Move over ‘Barbie’- Smart is the new pink!

Author(s):

Dr. Betsy McGregor

Former Senior Fellow, Harvard Medical School, SHAD Board Member and CAGIS Board, CEO of McGregor Leadership and Grandmother of an amazing girl!

Betsy


Visited a toy store lately? Pink and blue aisles are still a reality!

But as Barbie turns 59, she’s competing for shelf-space with an exciting array of toys designed to awaken the science-within all children. Swerve away from the stereotypic ‘colour aisles’ and invest instead in these brilliant gender-inclusive, diversity-aware science toys including LEGO NASA women.

In 2017, the Canadian Science Policy Conference hosted a SHAD (www.SHAD.ca) panel entitled ‘Missing Numbers: Girls in Canada’s Science and Innovation Agenda’, featuring eight SHAD Fellows and SHAD summer campus Program Directors, speaking to ‘gender in science’ and respecting the intersectionality of race, ethnicity, First Nation and LGBTQ realities. Equipping and empowering some of Canada’s best and brightest young high-school students for leadership, SHAD is among amazing Non-Governmental Organizations committed to breaking path for girls closer to the beginning of the pipeline.

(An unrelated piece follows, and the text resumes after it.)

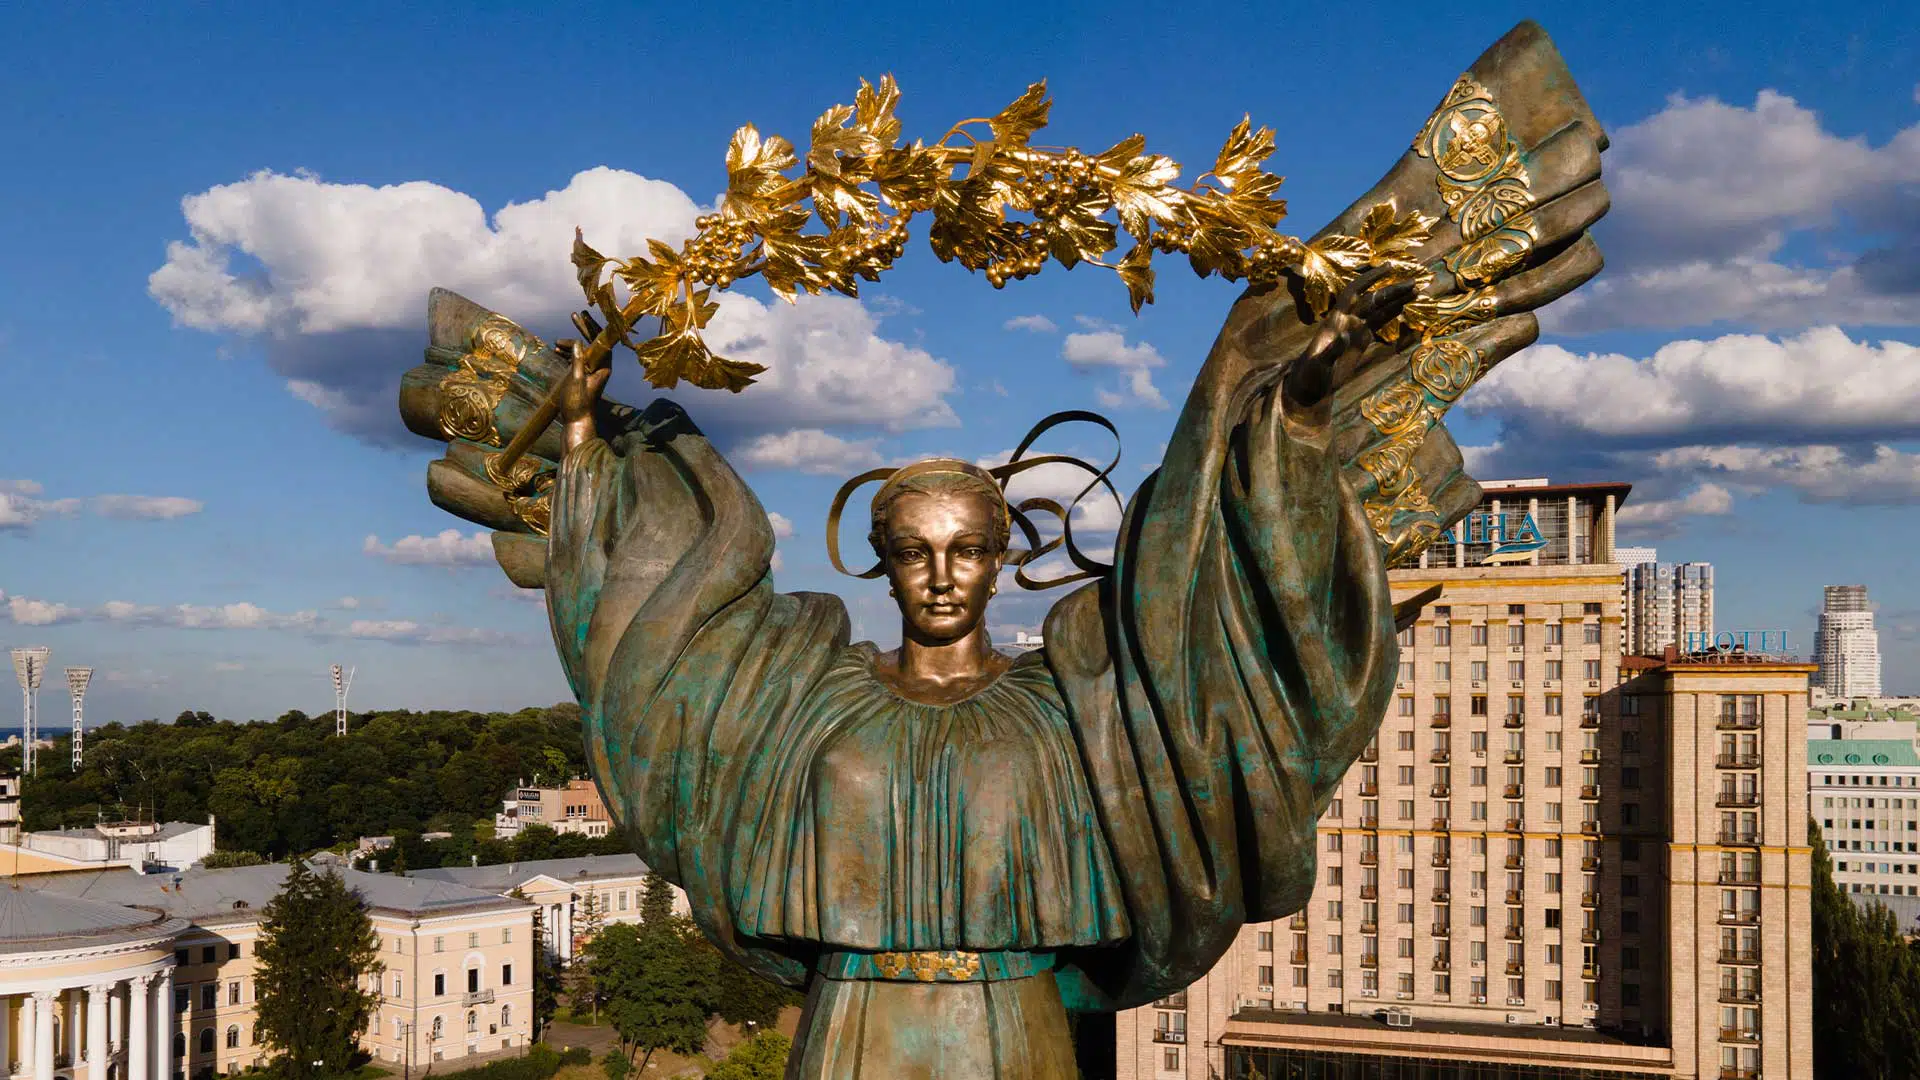 Ukraine Bereginya Monument Maidan

Two decades earlier, when I was invited by UNESCO to Co-author its inaugural chapter on ‘Gender in Science’ for the UNESCO 1998 World Science Report, with Co-Author Dr. Sandra Harding of UCLA, we examined the gender gap along the length of the ‘Leaky Pipeline’. Just how soon do girls start seeping out of science? Too early evidence shows.

Reports from MIT (Dr. Nancy Hopkins), the UK (Dr. Nancy Lane and The Rising Tide) the EU, UNESCO, Davos Forum’s Global Gender Gap Report, and the Commonwealth Secretariat have cumulatively cast the light on the gender gap, offering smart strategies and tools to plug the pipeline. Four Canadian Roundtables I designed with then Science Advisor to the Prime Minister, Dr. Arthur Carty and Senator Lillian Dyck assembled some of Canada’s leading NGOs and Research Agencies to examine the gender gap in science and promote innovative solutions.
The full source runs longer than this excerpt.